At a glance
- Close to 52,000 jobs in the energy industry
- GDP of $11.16 billion (2007)
- Annual exports totaling $3.37 billion
- 11 universities offering specialized programs
- Several recognized leaders: ABB, Andritz Hydro, Bathium, Clariant, Cicame Énergie, EDF EN, Enercon, Hydro-Québec, Landis & Gyr, Maschinenfabrik Reinhausen, REpower, Siemens, Scheinder Electric, Voith Hydro
Close to 97% of Québec’s total generated electricity is from renewable sources. This atypical situation, which places clean energy at the heart of development, makes Greater Montréal an unparalleled and avant-garde springboard for companies specializing not only in hydroelectric power but also biomass, wind power and solar power. In terms of fossil fuels, the province’s sedimentary basins, with a surface area of over 200,000 km2, spur investments in oil exploration.
Did you know?
Québec is the world’s fourth largest producer of hydroelectric power after China, Brazil and the United States.
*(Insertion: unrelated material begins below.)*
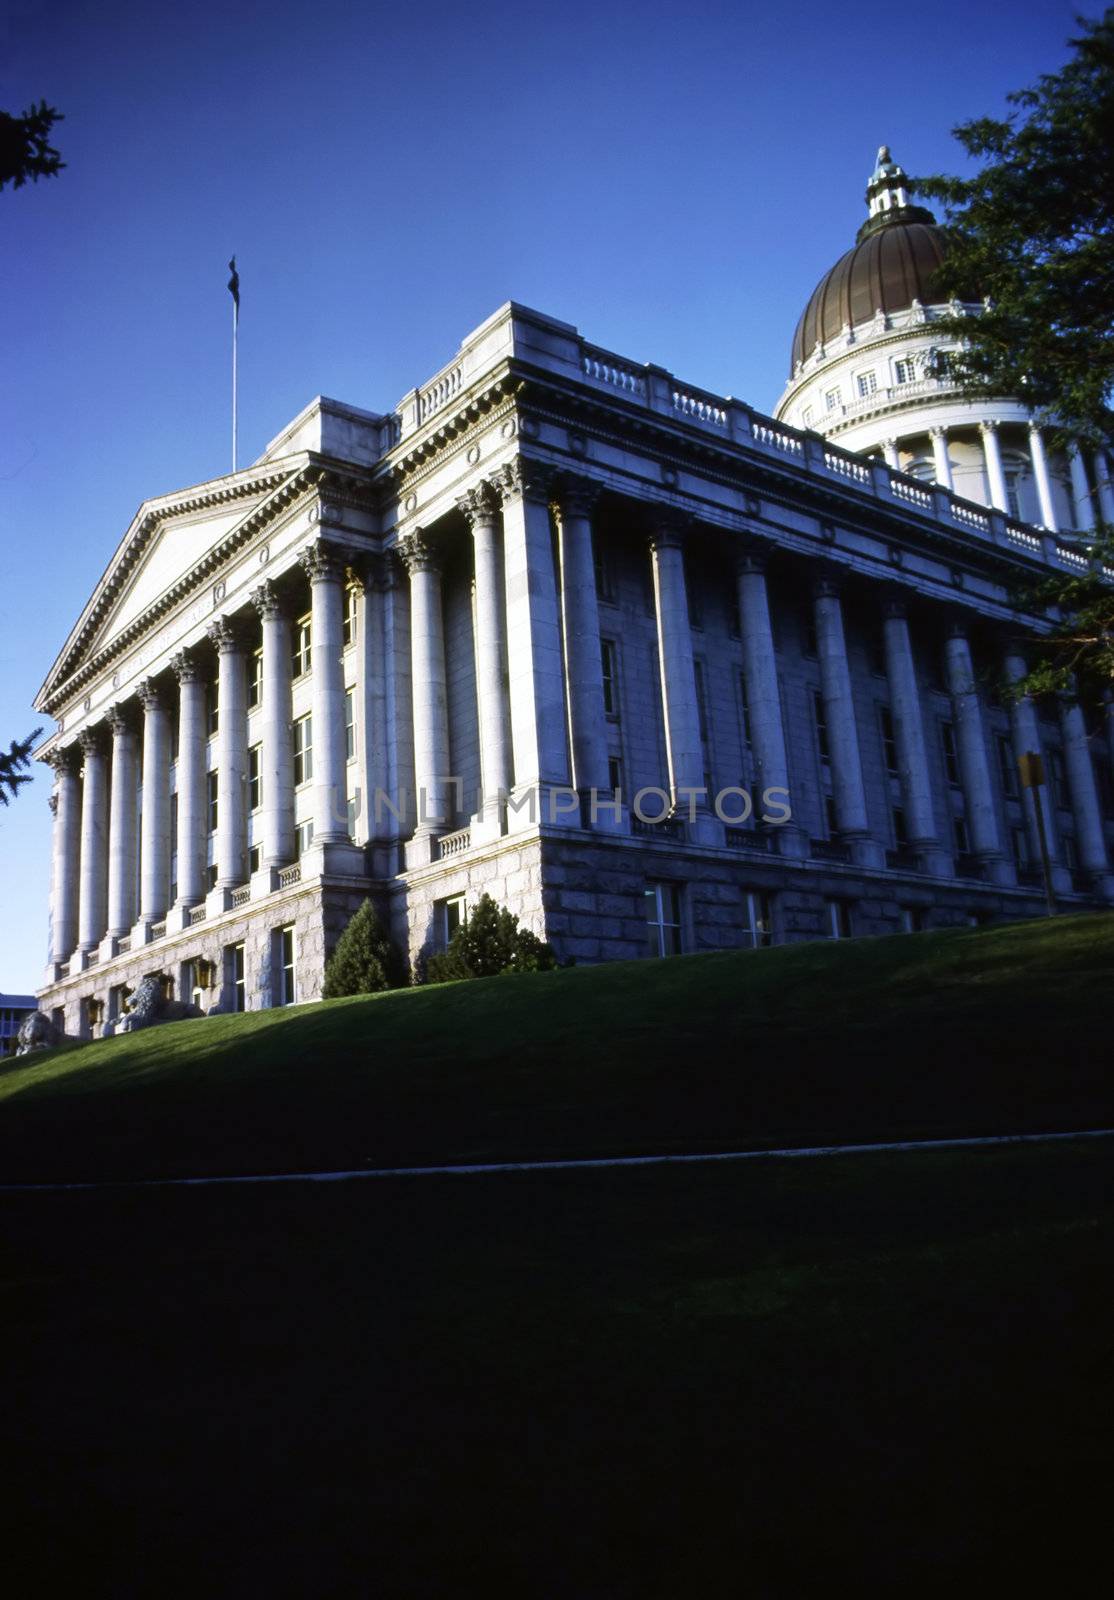 State Capitol, Utah by jol66

This performance is attributable to massive water reserves as well as to the government’s energy policy and Québec engineering. Hydro-Québec, a government-owned public utility, is an international leader whose know-how inspires numerous hydroelectric power producers all over the world. Hydro-Québec has 22,000 employees.
Top Seven Reasons to Consider Greater Montréal
1. Climate and economic context
To make Québec more energy efficient, the government has implemented several initiatives that are favourable in certain niches such as industrial refrigeration processes, heat recovery, and equipment for transportation applications. In addition, the province’s climate and economic base, which is highly industrial in nature, enable energy-efficiency and process optimization projects to be developed and tested on site.
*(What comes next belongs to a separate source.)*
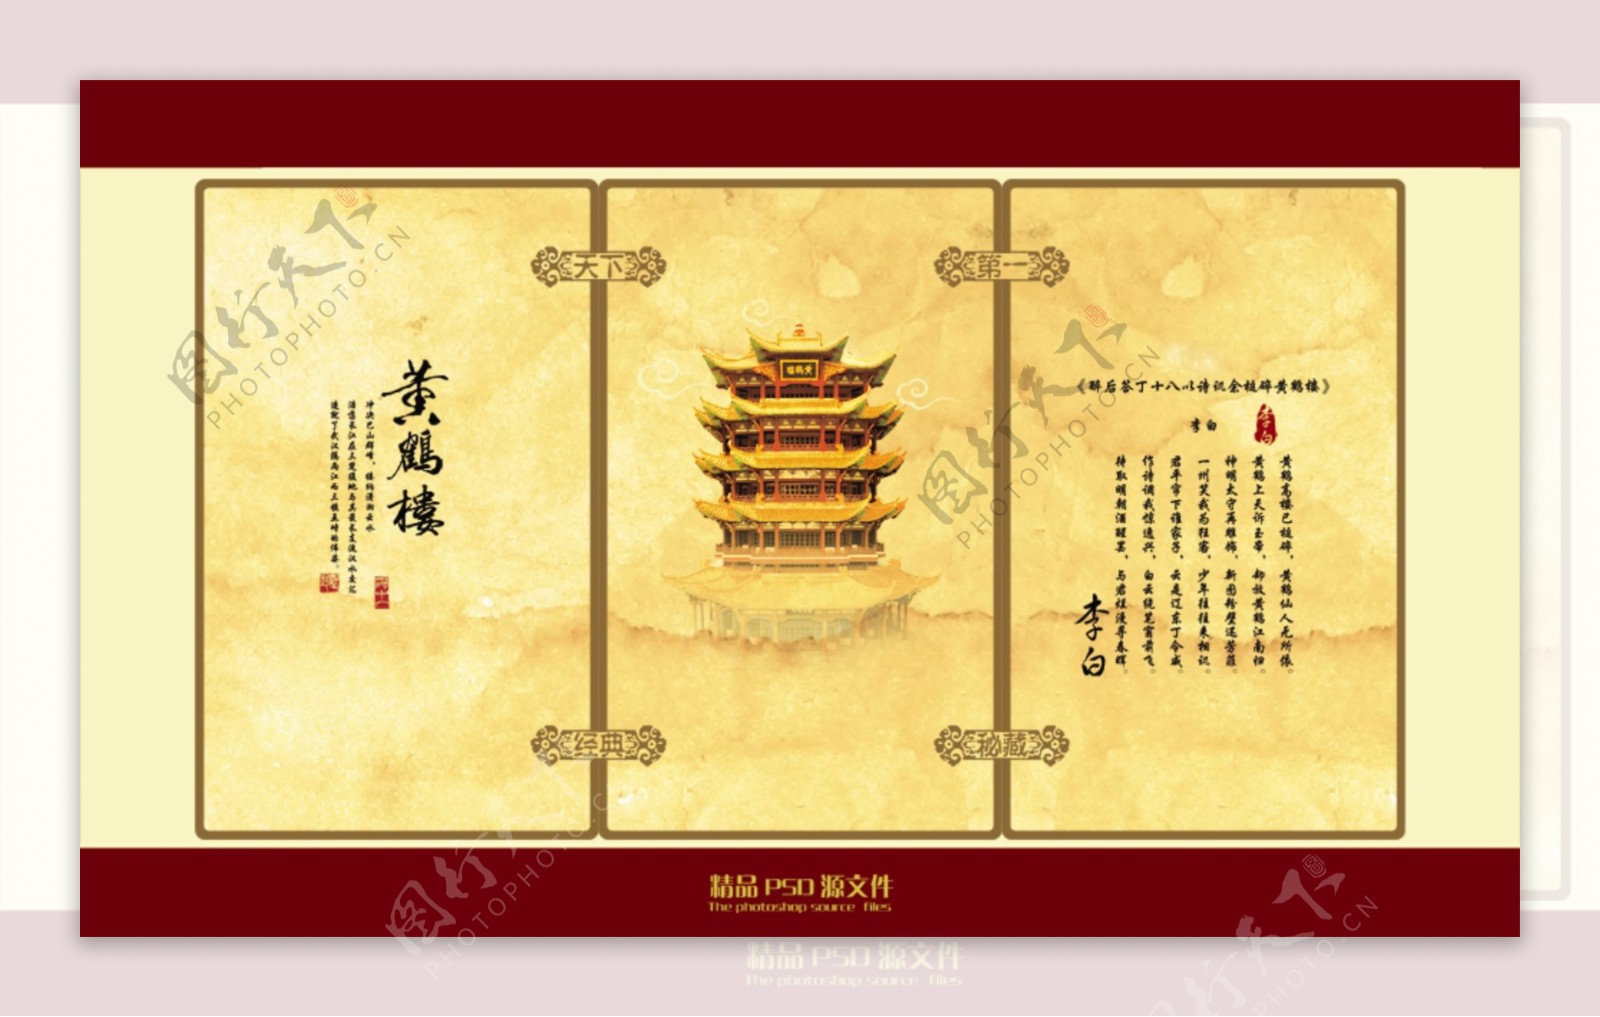 中国元素风格排版设计psd素材04

2. Growth of the renewable energy sector
- Biomass: with the help of a large forest industry and low electricity costs, the biomass market in Québec is developing rapidly and catching up to international niche markets (first- and second-generation biofuels and energy pellets).
- Wind power: the potential wind power that can be integrated into Hydro-Québec’s power grid will be 4,000 MW in 2015, which places Québec first in North America, ahead of Ontario, the Maritimes and the U.S. On March 13, 2013, Québec had 1,716 MW of installed capacity in its service area. In addition, Québec can boast about having invented numerous electronic control interfaces in the field of wind energy.
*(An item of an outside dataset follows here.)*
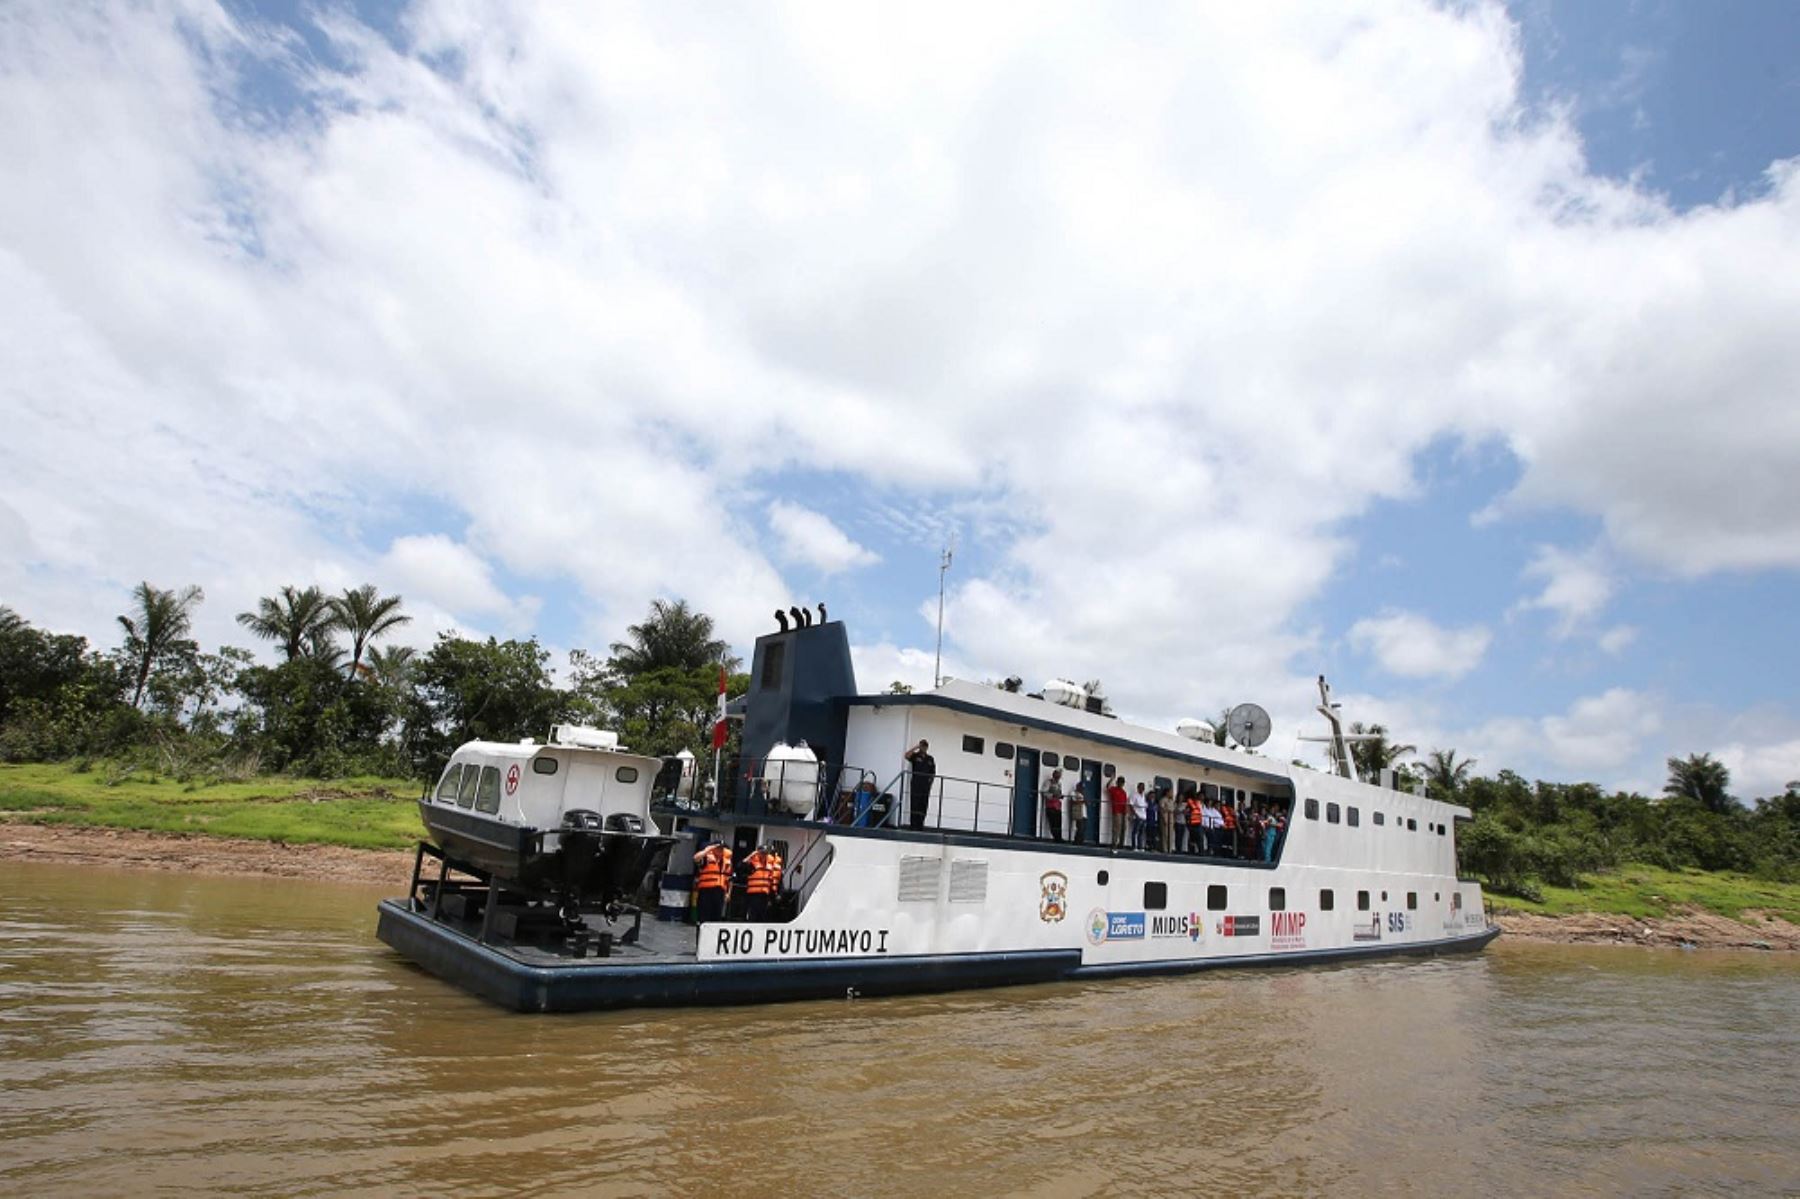 Las cuatro embarcaciones que albergan las plataformas itinerantes de acción social (PIAS), coordinadas por el Ministerio de Desarrollo e Inclusión Social (Midis) y operadas por la Marina de Guerra del Perú, acercarán los diversos servicios del Estado a más de 25,000 pobladores de las cuencas más alejadas de la Amazonía.

- Solar power: two of the world’s top players in the thermal solar niche are based in Québec (Enerconcept and Les Entreprises C. Lévesque). Furthermore, certain Québec companies manufacture the polysilicon used in photovoltaic panels.
3. Potential oil reserves
The sedimentary basins in Québec, favourable to the discovery of oil and natural gas, have a surface area of over 200,000 km2, in particular along the St. Lawrence Valley. The current situation has never been as favourable for inciting major investments in oil exploration.
4. A pool of labour adequately trained for the specific characteristics of the sector.
With 170,000 students enrolled in universities – including 20,000 foreign students – Greater Montréal is the leader in terms of the number of university graduates each year. Several universities offer specialized programs related to energy, engineering and management:
- École de technologie supérieure (ÉTS)
- École nationale d’administration publique (ENAP)
- HEC Montréal
- Institut national de la recherche scientifique (INRS)
- Polytechnique Montréal
- Concordia University
- Université de Montréal
- Université de Sherbrooke – Longueuil Campus
- Université du Québec à Montréal (UQAM)
- McGill University
- Télé-université (TÉLUQ)
In Greater Montréal, there are also numerous technical and vocational training programs related to energy.
5. The dynamic nature of R&D, based both on university research and industrial research, in all fields:
- Hydroelectric power: in addition to its Research Institute, Hydro-Québec supports numerous university research chairs.
- Biomass: Research Centre in Process Engineering – Biorefinery (CRIP – Polytechnique Montréal), FPInnovations, etc.
- Wind power: Research Laboratory on the Nordic Environment Aerodynamics of Wind Turbines (École de technologie supérieure)
- Solar power: Solar Buildings Research Network (Concordia University), Laboratory of New Materials for Energy and Electrochemistry (Polytechnique Montréal), etc.
- Energy efficiency: CanmetENERGY, Natural Gas Technologies Centre (NGTC), Industrial Research Chair in Energy Technologies and Energy Efficiency (T3E – École de technologie supérieure), etc.
6. Numerous tax and financial incentives
The development of the energy sector is part of the Québec government’s priorities, as evidenced by the implementation of the Québec Energy Strategy 2006-2015.
In concrete terms, energy sector companies can obtain funding for their projects, research and/or expansion via several provincial and federal programs, including:
- Tax Credit for Scientific Research and Experimental Development
- Financial assistance for job creation and training
- ESSOR fund for major projects
- Tax holiday for foreign researchers and experts
- NextGen Biofuels Fund™ from Sustainable Development Technologies Canada (SDTC)
- Tax credit for the acquisition of manufacturing and processing equipment
7. Lowest operating costs in North America
The combined effect of incentives and the low cost of labour, office and industrial space and of electricity make Greater Montréal an ideal location for setting up a company in the energy sector. According to KPMG (2013), Metropolitan Montréal ranks first among the 20 largest cities in North America in terms of competitive operating costs. The cost-benefit is more than 10% for all sectors combined compared to the average for the other 19 major cities.